In the developed world, the threat of uncontrolled migration and the perceived cost of asylum has led many states to rework their asylum policies and practices, often to the detriment of refugee protection. Two parallel trends have emerged, both negatively affecting the accessibility and the quality of asylum. One is the preference for increasingly restrictive interpretations of the 1951 Refugee Convention and its 1967 Protocol, together with the establishment of formidable obstacles to prevent legal and physical access to a nation’s territory. Unfortunately, these restrictive approaches export well and are already being replicated in regions where refugee laws are only now being established and where the deleterious effects are not mitigated in any way by a culture of human-rights protection.

In addition, there has been a proliferation of alternative protection regimes that guarantee fewer rights for a more limited period of time than does the 1951 Convention.

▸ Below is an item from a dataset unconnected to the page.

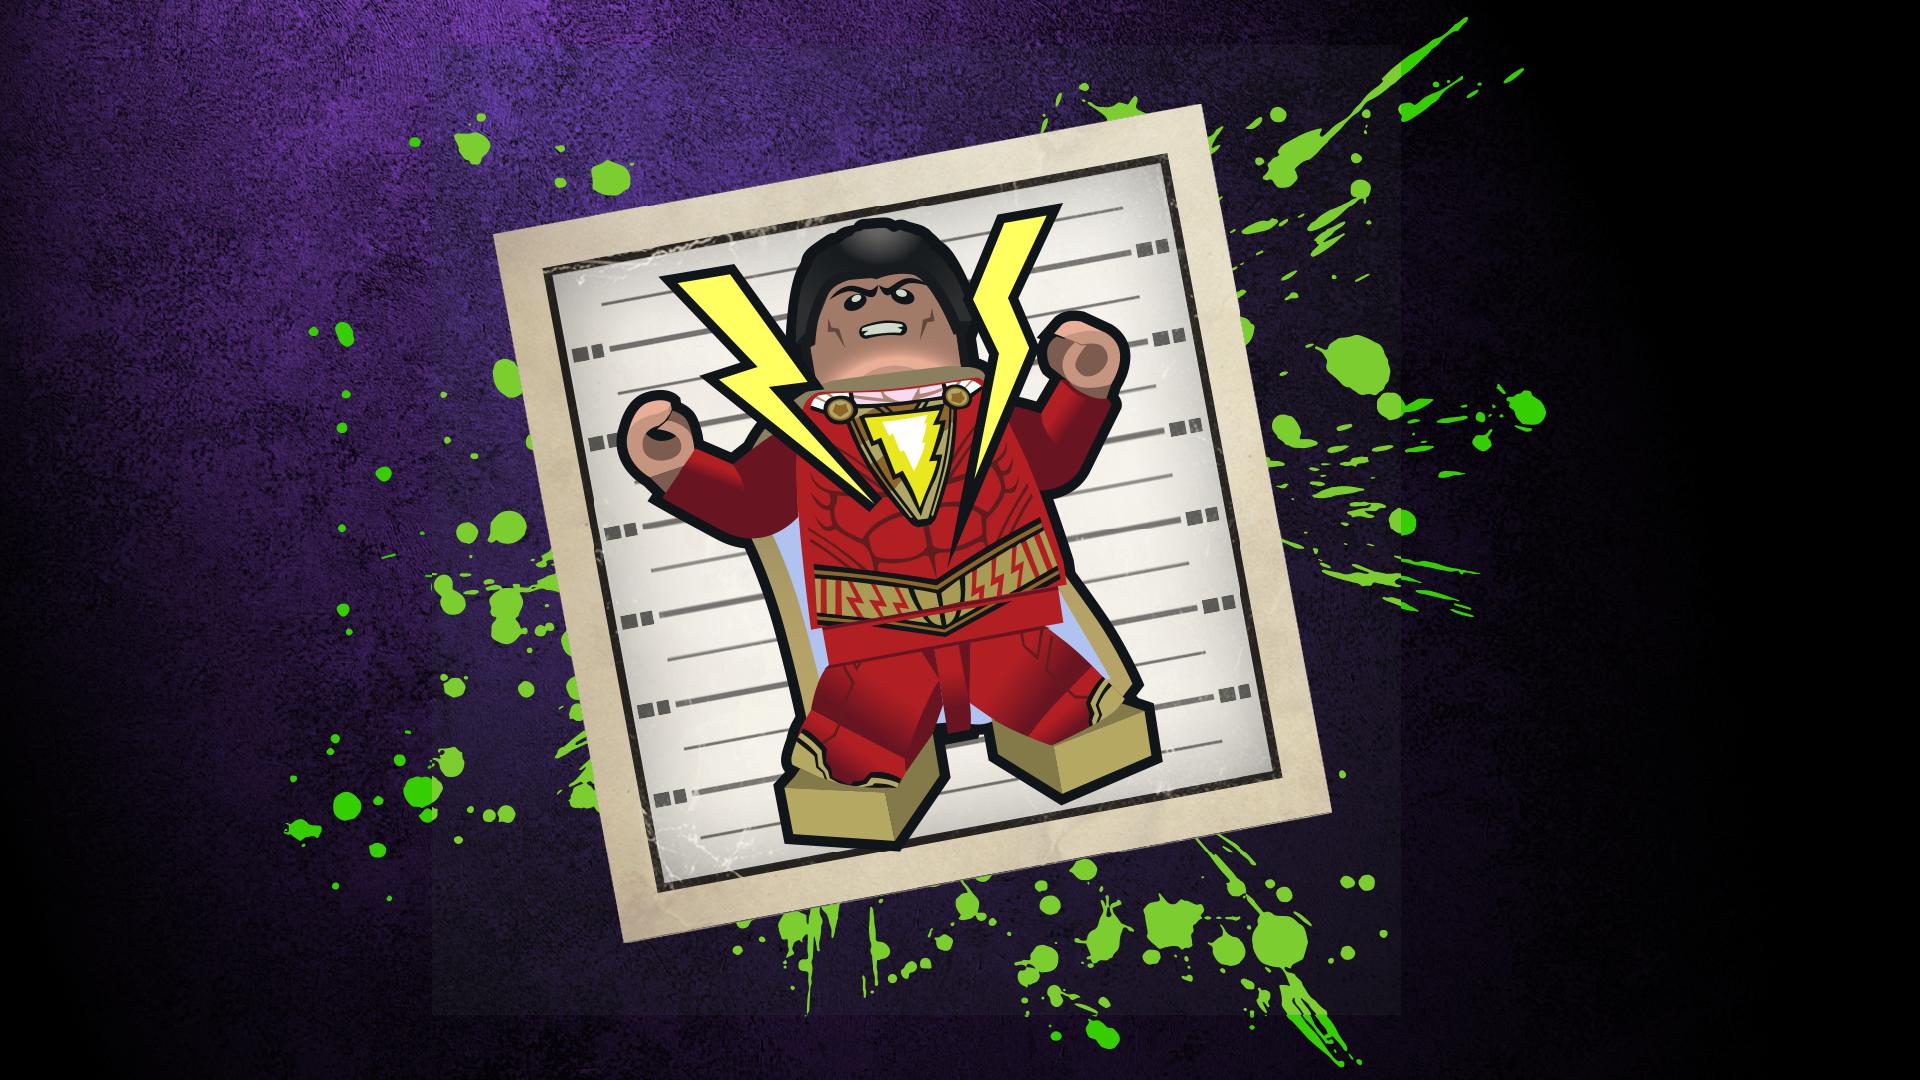 Icon for His name's Captain Sparklefingers

Yet, there is little harmonization of these asylum policies, even within regions. Partly in response to this situation, asylum-seekers who have failed to prove their claims, lawyers seeking protection solutions, and judges considering protection needs have increasingly turned to human-rights instruments as alternative sources of protection. Indeed, there is now an impressive body of jurisprudence established by such bodies as the European Court of Human Rights and the Convention Against Torture Committee that focuses on the non-refoulement—or non-expulsion— provisions of the instruments overseen by these bodies.

At the same time, some states have criticized the 1951 Convention. It has variously been labeled outdated, unworkable, irrelevant, or overly rigid in the face of significant changes in irregular migration patterns. Several states have deemed it unresponsive both to national interests and to refugees’ needs and are therefore considering withdrawing from it.

In this climate, it is important to remember the facts. Refugees have always entered countries illegally—often without proper documentation and with the help of smugglers. This does not detract from their refugee status; on the contrary, it may confirm that status. Furthermore, economic migration and the smuggling of migrants is not new. Attempts by would-be migrants to use asylum channels for entry, in the absence of migration programs, should not invalidate the asylum process.

Over 90 percent of all refugees stay in their regions—mostly areas within the developing world. Only a small percentage of refugees make it to developed countries, and developing countries bear most of the responsibility for processing and accommodating refugees and asylum-seekers. While developed states apply a narrow interpretation of the refugee definition, developing countries apply a much broader definition, such as that found in the OAU Convention. The existence of this discrepancy between definitions often leads the claims of some rejected asylum-seekers to be labeled as bogus when they are merely the victims of the more restrictive interpretation.

The fact that the Refugee Convention is 50 years old does not invalidate its key role in the international refugee-protection regime. Human-rights principles are not weakened with age. It is equally essential to be clear about what the Convention is and what it is not. The Convention is not a migration-control instrument. It is not a bill of general rights and does not set out rights and responsibilities without proper limits. Nor is it a safe haven for terrorists. The Convention is the most comprehensive instrument at the international level to safeguard the fundamental rights of refugees and to regulate their status in countries of asylum. It is, for UNHCR, the place where refugee protection starts. That is why, over the past year and continuing through 2002, UNHCR has been engaged in a series of discussions with governments, nongovernmental organizations, academics, and experts on refugee law with the aim of both reaffirming the centrality of the Convention to refugee protection and devising fresh tools, practices, and thinking on how to address new problems.